Accord sur le Brexit : les Européens ont lâché du lest sur la pêche



Publié le 24 déc. 2020 à 18:01Mis à jour le 24 déc. 2020 à 19:26

C’était l’une des pierres d’achoppement des négociations. Dans le cadre de l’accord post-Brexit acté ce jeudi , l’Union européenne va transférer au Royaume-Uni 25 % de la valeur des produits pêchés dans les eaux britanniques par les flottes européennes, à l’issue d’une période de transition jusqu’en juin 2026, a indiqué un haut responsable européen.

Le détail des espèces et zones concernées par ce pourcentage n’est pas encore déterminé, a ajouté ce responsable. Après cette période de cinq ans et demi, cet accès sera renégocié annuellement. Par ailleurs, les pêcheurs de l’UE conserveront jusqu’en 2026 l’accès garanti aux zones situées dans les 6-12 milles marins au large des côtes britanniques (eaux territoriales) où ils se rendaient traditionnellement.

Forte charge politique

L’enjeu macroéconomique n’est pas majeur : l’UE pêche l’équivalent de 650 millions d’euros par an dans les eaux britanniques, le Royaume-Uni 110 millions dans les eaux européennes. Mais la charge politique est très forte.
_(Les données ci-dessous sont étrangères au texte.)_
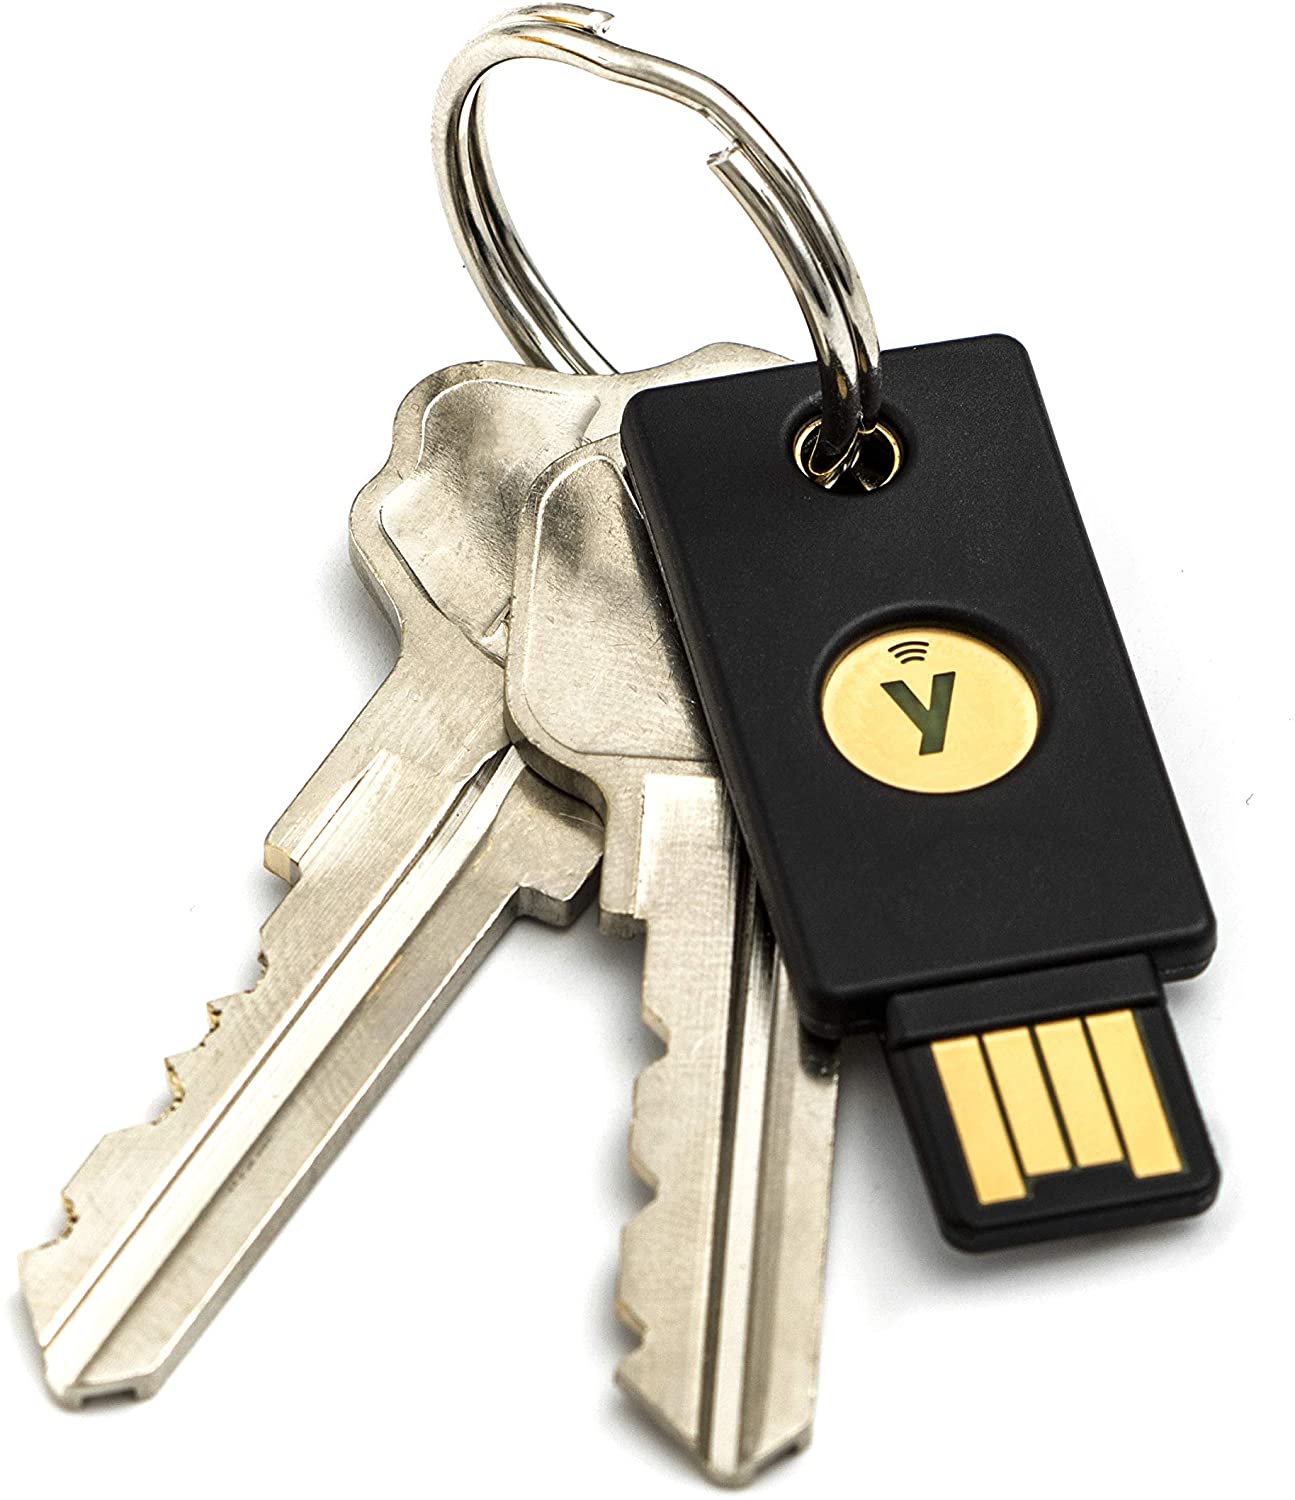 Le Yubico x Keyport Pivot 2.0 offre un moyen plus sûr de transporter des clés de sécurité
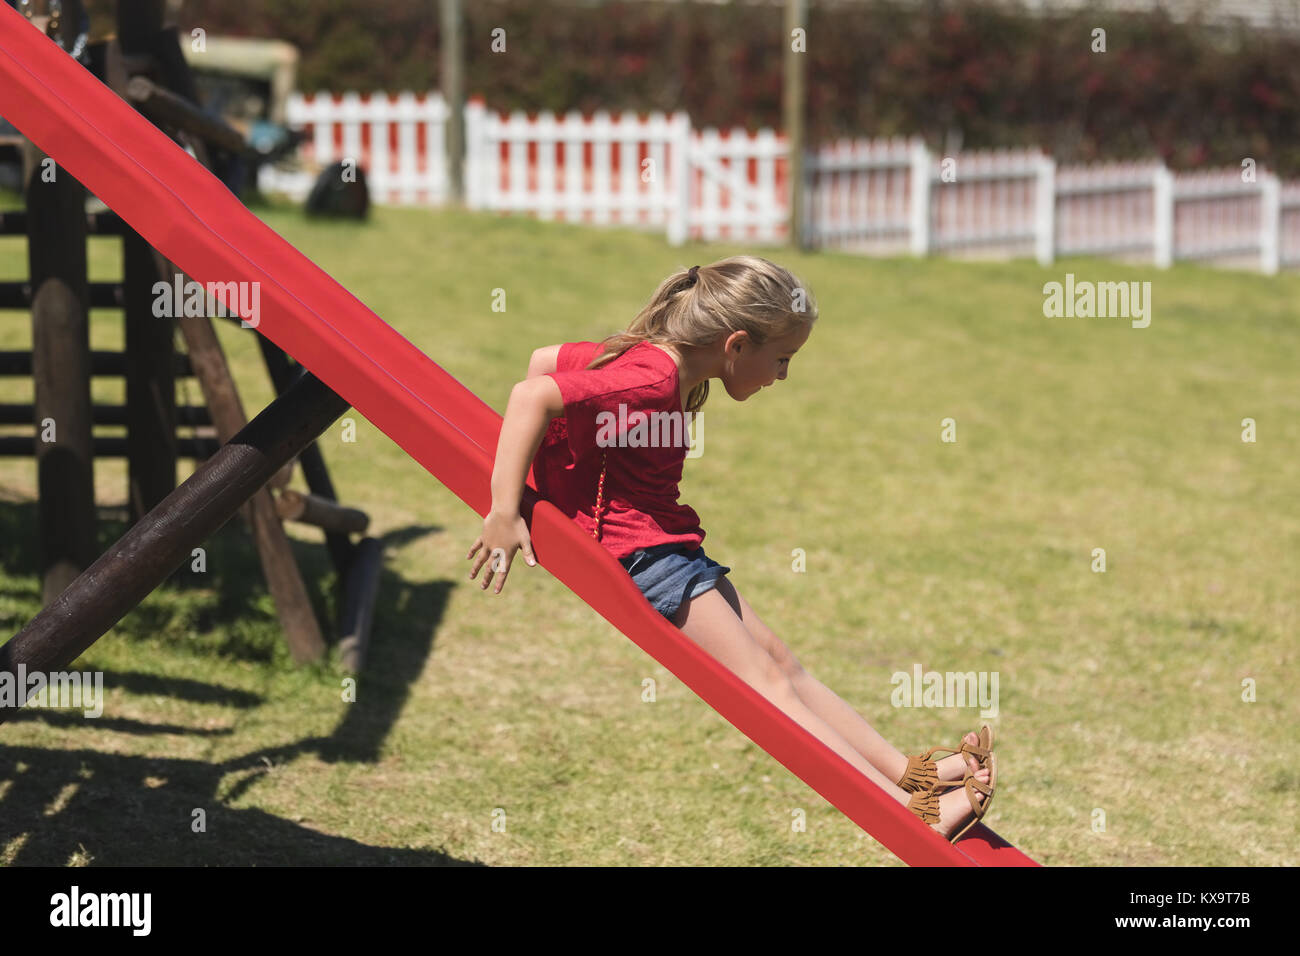 Girl sliding on slide in playground Stock Photo

Pour plusieurs Etats membres, France, Danemark et Pays-Bas en tête, la pêche est un lourd enjeu social et territorial tant le secteur serait mis à terre en se voyant couper l’accès aux eaux britanniques, très poissonneuses et où les pêcheurs du continent attrapent 60 % de leurs prises. Côté britannique, le contrôle de ses eaux est érigé en symbole de la future souveraineté retrouvée promise aux Brexiters.

L’Europe soutiendra ses pêcheurs

Ce jeudi, Bruxelles a tenu à rassurer les pêcheurs des Etats-membres affectés par ces nouvelles règles. L’accord assure « une base d’accès réciproque aux eaux et ressources, avec une nouvelle répartition des quotas et opportunités de pêche […]. Cet accord demandera des efforts, je le sais, mais l’UE sera présente aux côtés des pêcheurs européens pour les accompagner, c’est notre engagement », a ainsi promis le négociateur en chef de l’UE, Michel Barnier, lors d’une conférence de presse ce jeudi après-midi.

Emmanuel Macron a également tenu à avoir un mot pour la profession : « L’accord avec le Royaume-Uni est essentiel pour protéger nos citoyens, nos pêcheurs, nos producteurs. Nous nous assurerons que c’est bien le cas », a averti le président français sur Twitter. Ajoutant que « l’Europe avance et peut regarder vers l’avenir, unie, souveraine et forte ».

Déception des pêcheurs britanniques

De son côté, Boris Johnson a évoqué un compromis « raisonnable » : « Nous serons un Etat côtier indépendant avec un contrôle total de nos eaux, avec la part des prises britanniques dans nos eaux qui augmentera substantiellement d’environ la moitié aujourd’hui à un niveau plus proche des deux tiers dans cinq ans et demi », a dit le Premier ministre britannique au cours d’une conférence de presse.

« Nous voulions trois ans, nous finissons à cinq ans. Je pense que c’est une période de transition raisonnable », a-t-il ajouté, annonçant que le secteur britannique de la pêche allait bénéficier d’un plan de plusieurs millions de livres sterling pour moderniser sa flotte et son activité.

Des promesses qui n’ont pas convaincu les pêcheurs britanniques, qui espéraient un accord encore plus favorable pour eux : « Le secteur sera amèrement déçu qu’il n’y ait pas de rupture plus définitive », a indiqué Barrie Deas, directeur de la Fédération nationale des organisations de pêcheurs, évoquant une « entourloupe ».